Supplied information:
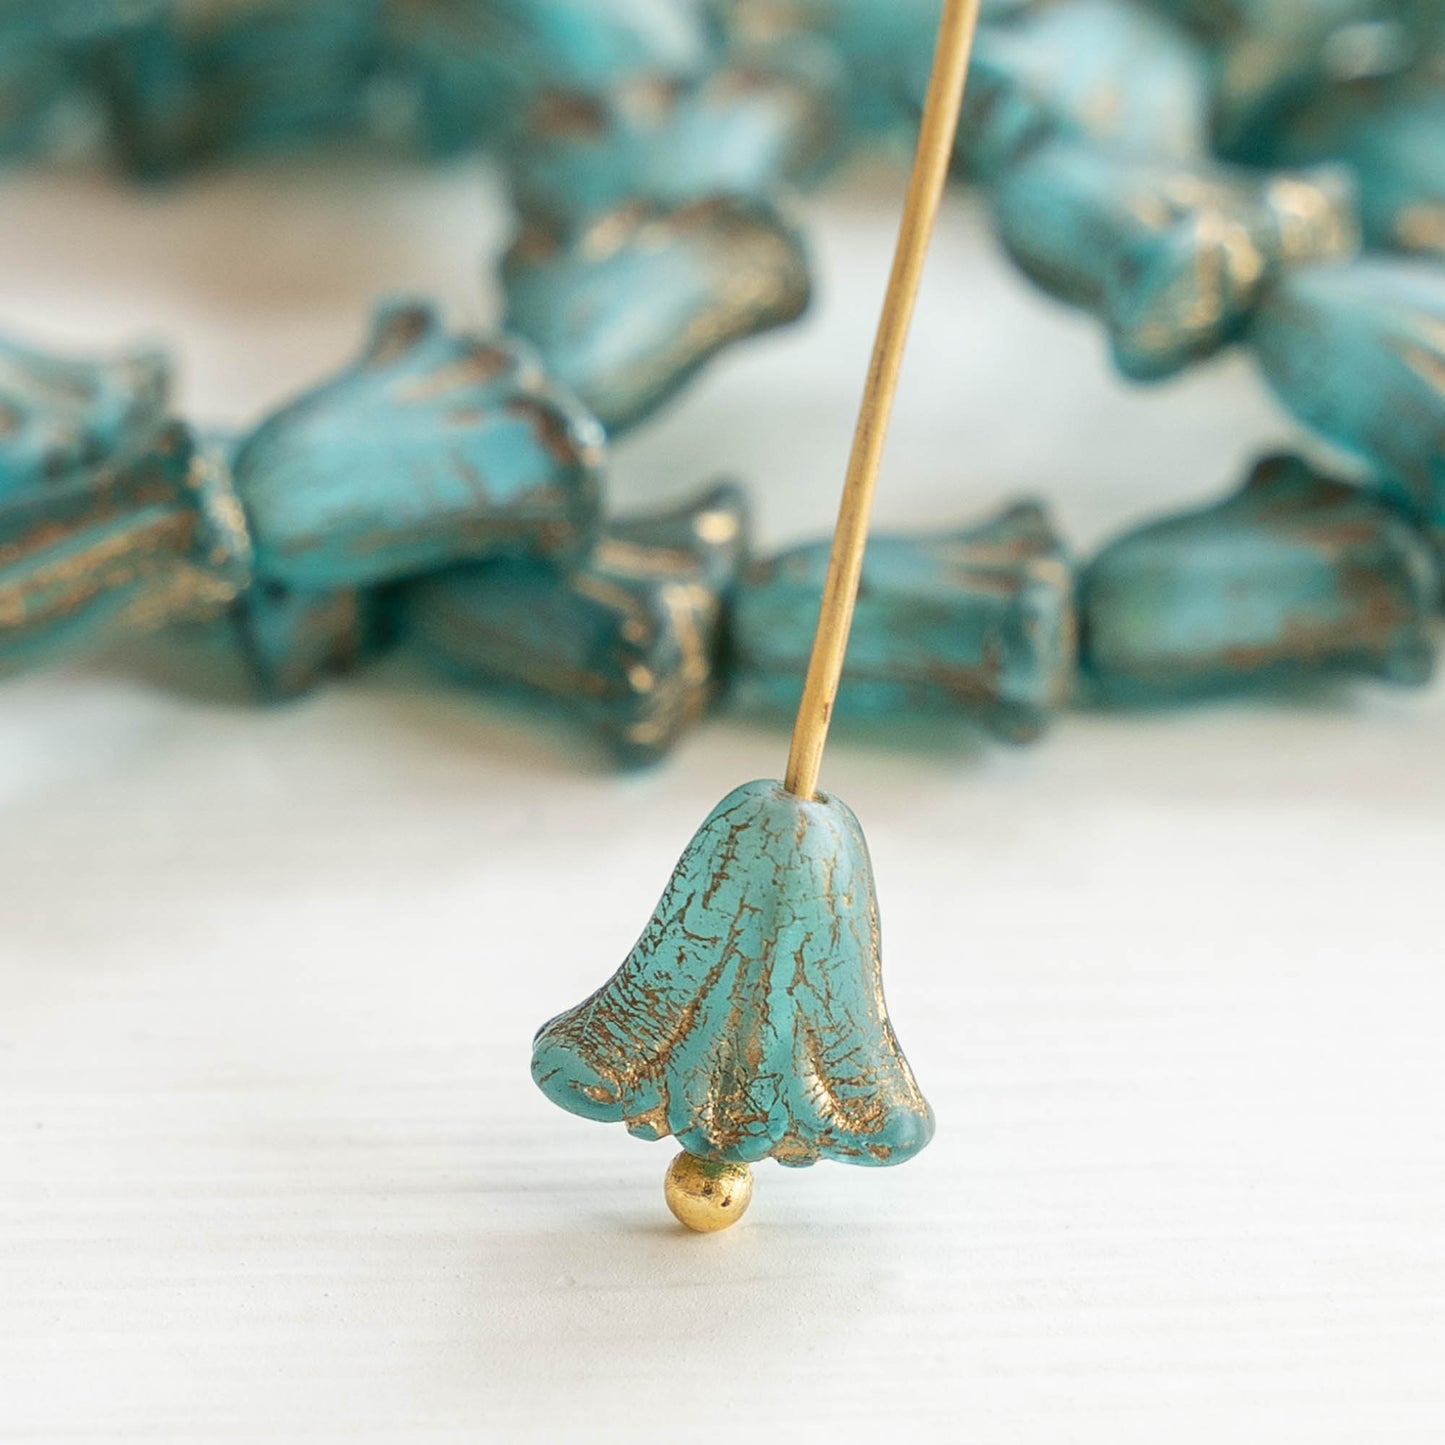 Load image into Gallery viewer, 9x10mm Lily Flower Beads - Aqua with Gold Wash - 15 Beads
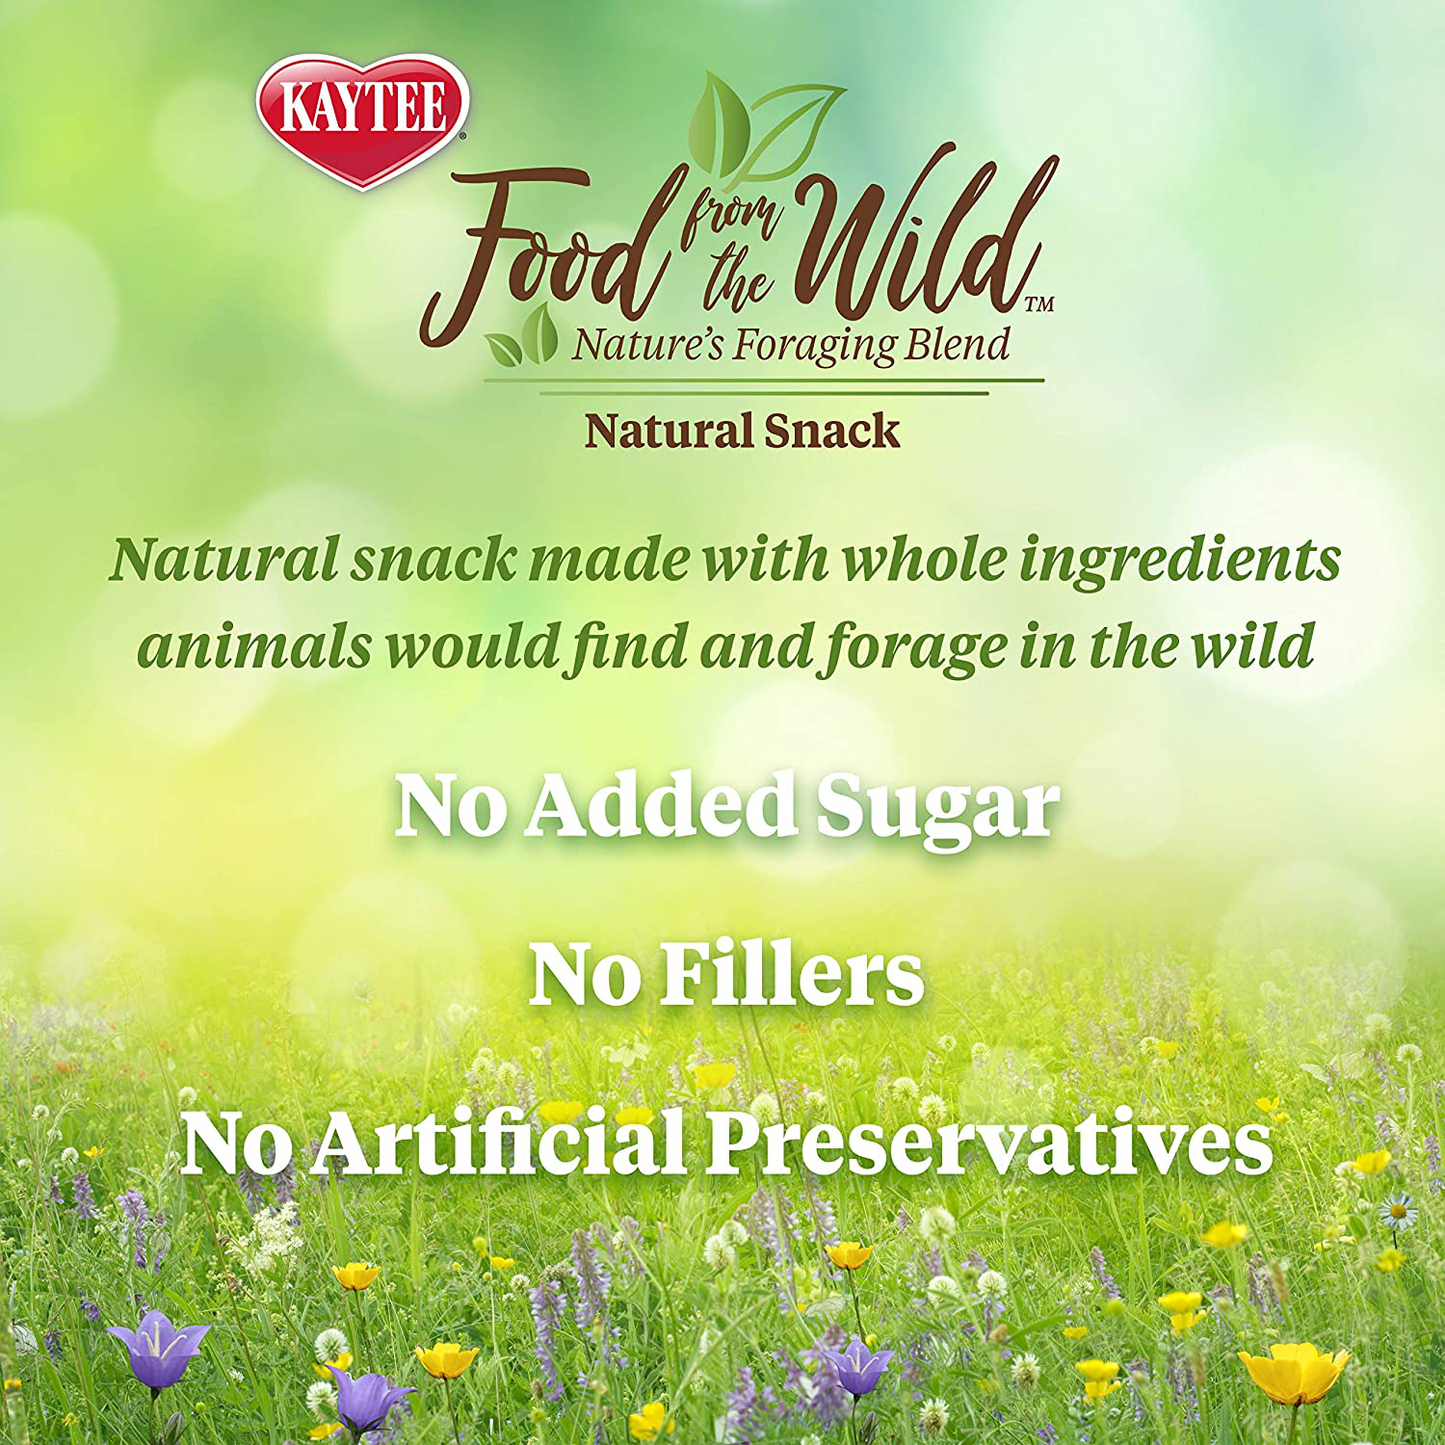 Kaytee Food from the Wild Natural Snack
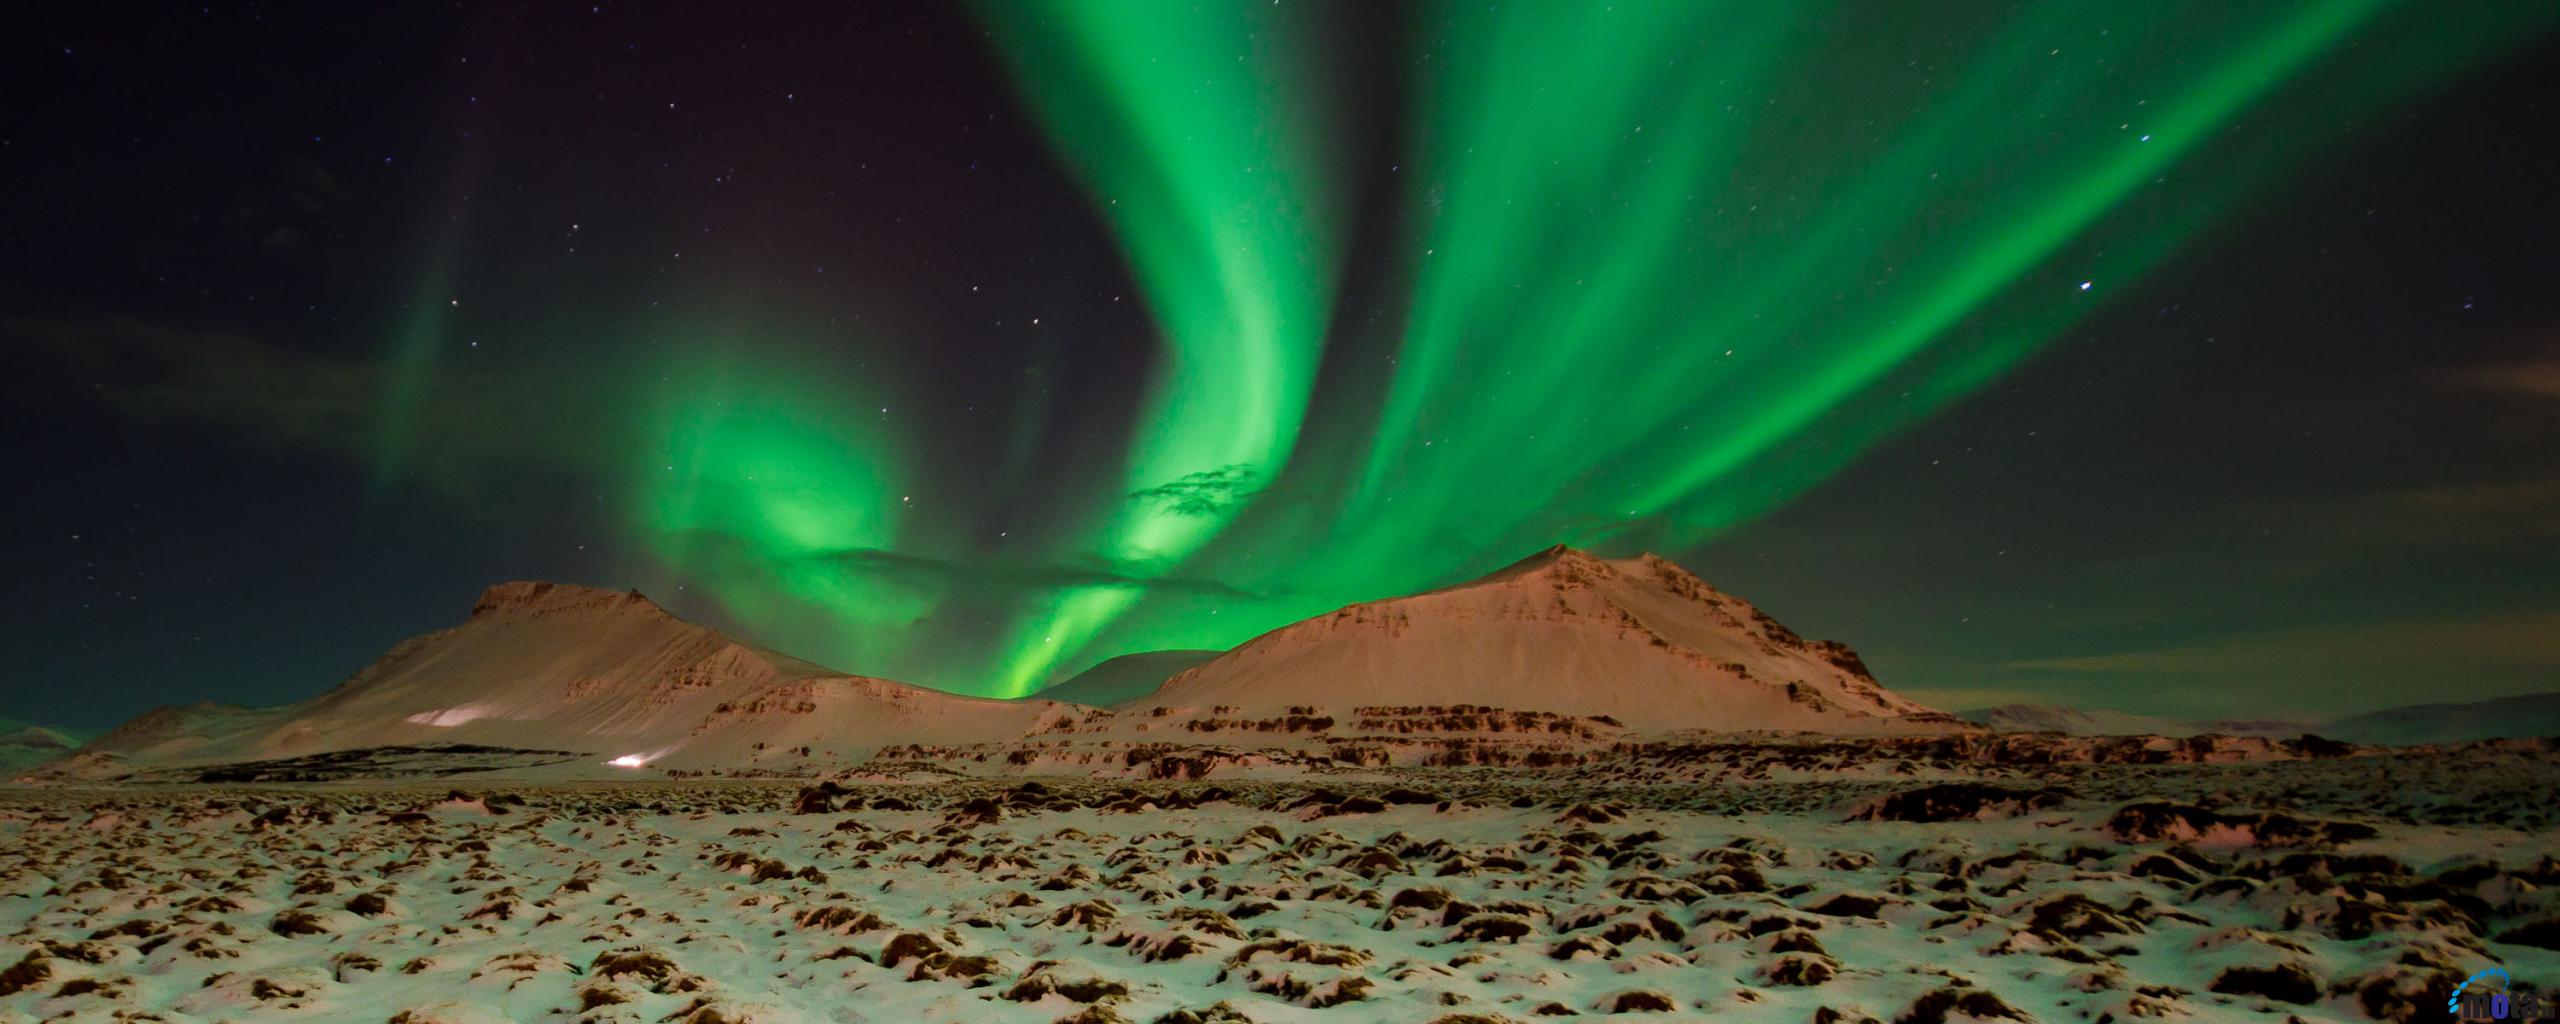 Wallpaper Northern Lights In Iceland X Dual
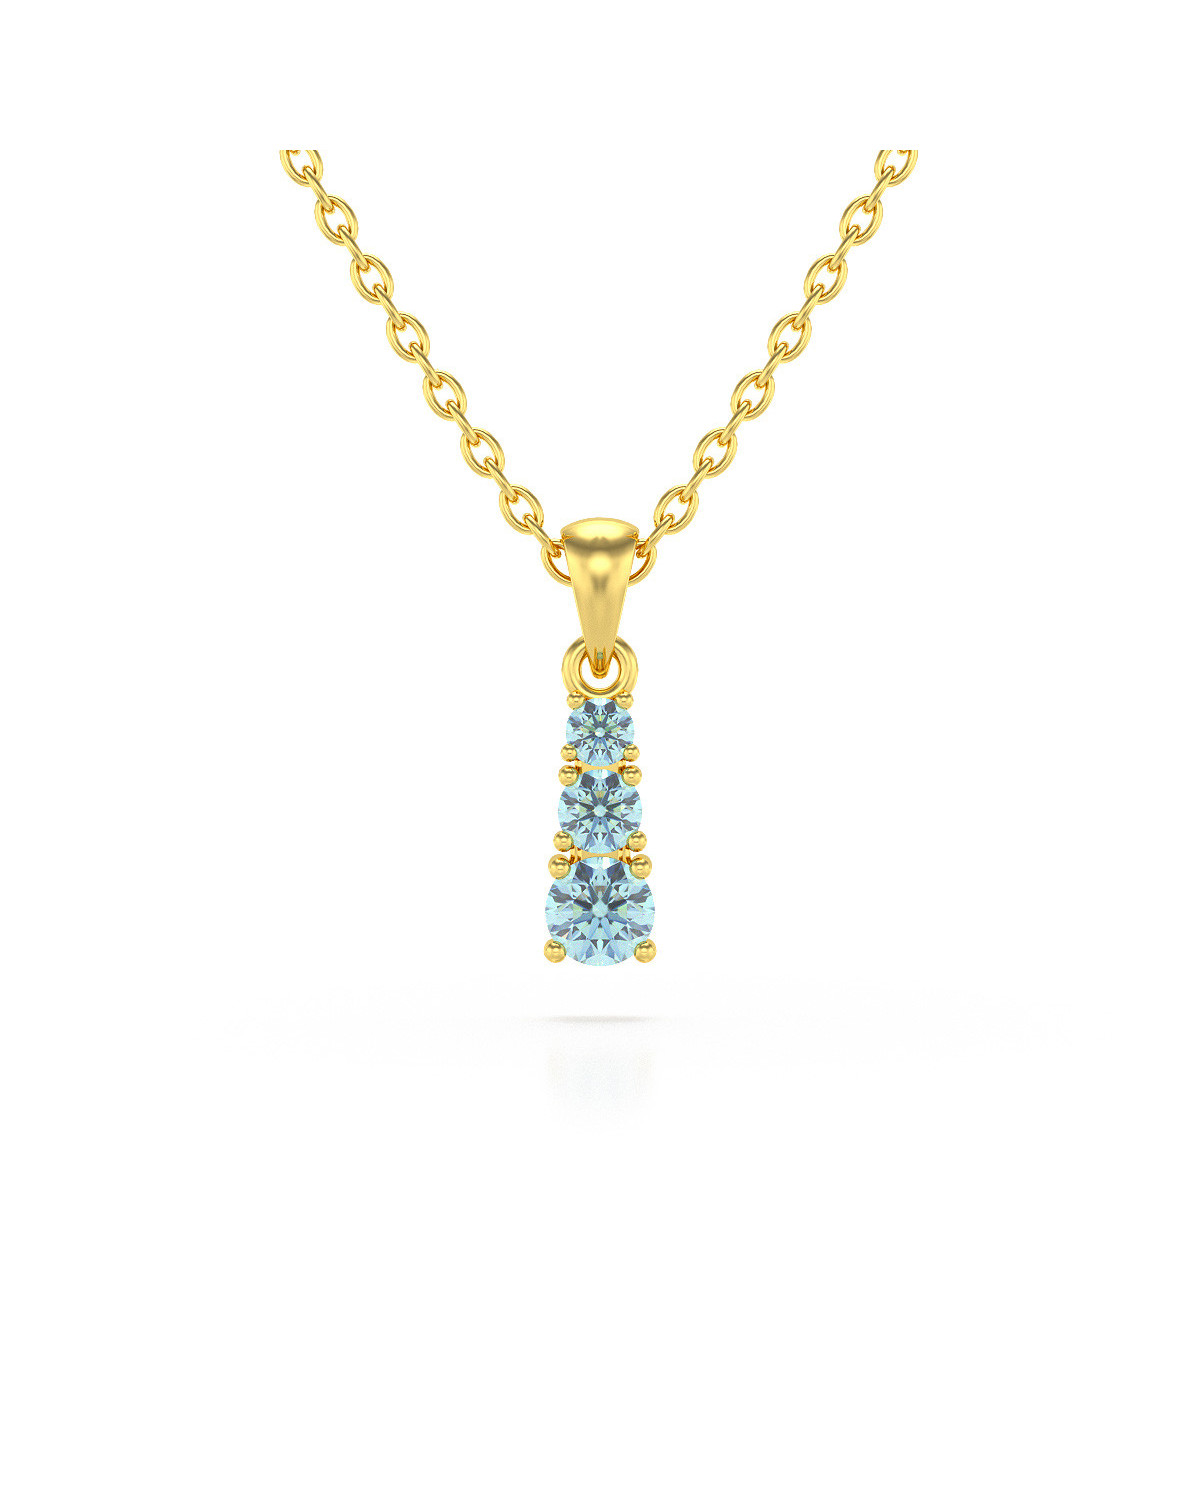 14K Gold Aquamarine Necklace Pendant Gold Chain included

What you should do:
Reproduce the data exactly, please, and omit its pictures.

Exercise output:
 Load image into Gallery viewer, 9x10mm Lily Flower Beads - Aqua with Gold Wash - 15 Beads
 Kaytee Food from the Wild Natural Snack
 Wallpaper Northern Lights In Iceland X Dual
 14K Gold Aquamarine Necklace Pendant Gold Chain included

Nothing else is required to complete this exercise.